Ponto de Opinião: O legado das Olimpíadas para os atletas

Ágatha e Bárbara recebem a prata no vôlei de praia (Foto: Petr David Josek/AP)


A derrota de Ágatha e Bárbara na final do vôlei de praia contra a dupla alemã deixou mais evidente um problema que vem sendo escancarado desde o começo dos Jogos Olímpicos do Rio: a falta de apoio e incentivo para a carreira esportiva no Brasil.

Enquanto “batíamos recordes” de boas participações na esgrima, handebol e polo aquático, sofríamos com derrotas no judô, natação, vôlei e futebol, que são esportes mais valorizados (dentro do possível) do que outras modalidades não comuns no país. Mesmo com a estrutura de primeiro mundo montada para as Olimpíadas, as apresentações não chegaram à altura. 

Deixo claro que não critico os atletas, que deram seu suor e sua garra para representar o Brasil, mas critico a falta de incentivo e patrocinadores e boa estrutura para treinos e para o desenvolvimento do esporte. O governo bem que tentou mostrar ao mundo que o esporte é valorizado no país, mas os atletas deixaram claro que isso não acontece na prática.

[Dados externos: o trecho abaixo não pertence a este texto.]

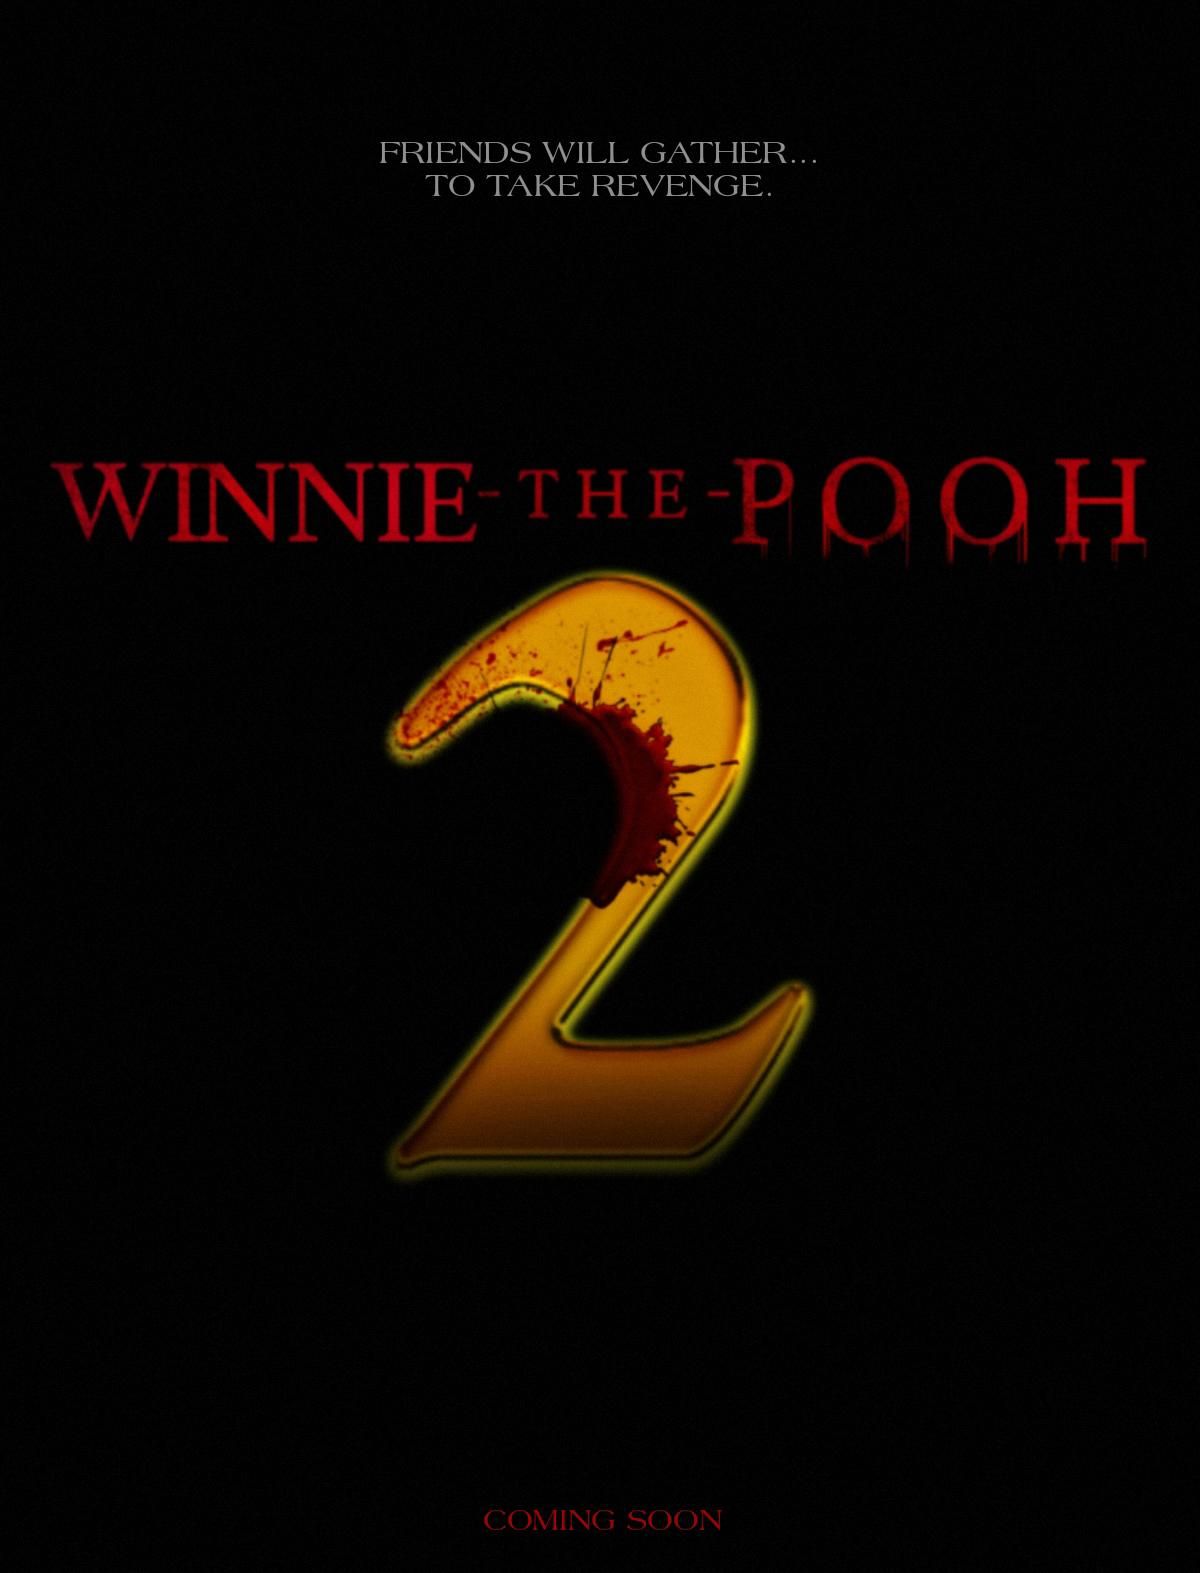 Avance de Winnie the Pooh Sangre y Miel 2 Póster

Um dos exemplos desse desleixo foi o ginasta Arthur Nory. Mesmo que o caso de racismo do atleta tenha repercutido mal em sua carreira, o ginasta deixou claro em entrevista para a imprensa, que não teve patrocinadores para chegar a Rio 2016 e que superou o episódio e abdicou de várias coisas em sua vida para alcançar seu objetivo nos Jogos.

No atletismo, Thiago superou favoritismo de francês (Foto: REUTERS/Edgard Garrido)

Torcida

Os torcedores fizeram sua parte em todas as competições. Demonstraram sua admiração pelo esporte, sua gratidão por estarem representados por atletas de alto calibre como Arthur Zanetti, Sheila e Flávia Saraiva, e foram decisivos na hora de alguns resultados brasileiros. 

Por outro lado, a “pressão” pela Olimpíada “no quintal de casa” fez com que alguns atletas fossem vencidos pelo inacreditável. Casos como o bronze de Rafael Silva, o Baby, que podia muito bem ter chegado à final do judô, ou a seleção feminina de vôlei, que foi superada pela China. A pressão por ser "em casa" pode ter sido um fator importante, e isso precisava ter sido trabalhado, o que ficou evidente que foi ignorado pelos treinadores e confederações de cada esporte.

Estamos chegando ao final dos Jogos e a pretensão de alcançar o top 10 entre as melhores seleções está longe de acontecer. Na atual situação, com três ouros, precisaríamos alcançar sete medalhas para figurar no top 10 (a Austrália, décima colocada no quadro de medalhas, tem sete ouros), mas ainda estamos longe de ter a maior campanha das Olimpíadas, competindo em casa.

Assim, o Brasil precisa olhar melhor para o seu esporte, pois os Jogos deixaram claro que temos potência para brigar por mais medalhas e até mesmo em esportes que nunca antes pensávamos em algo como a esgrima, a canoagem, o handebol, o polo aquático, o hóquei sobre grama e o hipismo. Falta um cuidado melhor com esses atletas que deram a cara a tapa na Rio 2016. Porque mesmo com toda essa potência esportiva, insistimos em dizer que a medalha de ouro no futebol masculino era a mais importante. Pode até ser que consiga a sonhada medalha dourada, mas o Brasil de hoje não é feito apenas do futebol, é feito de guerreiros.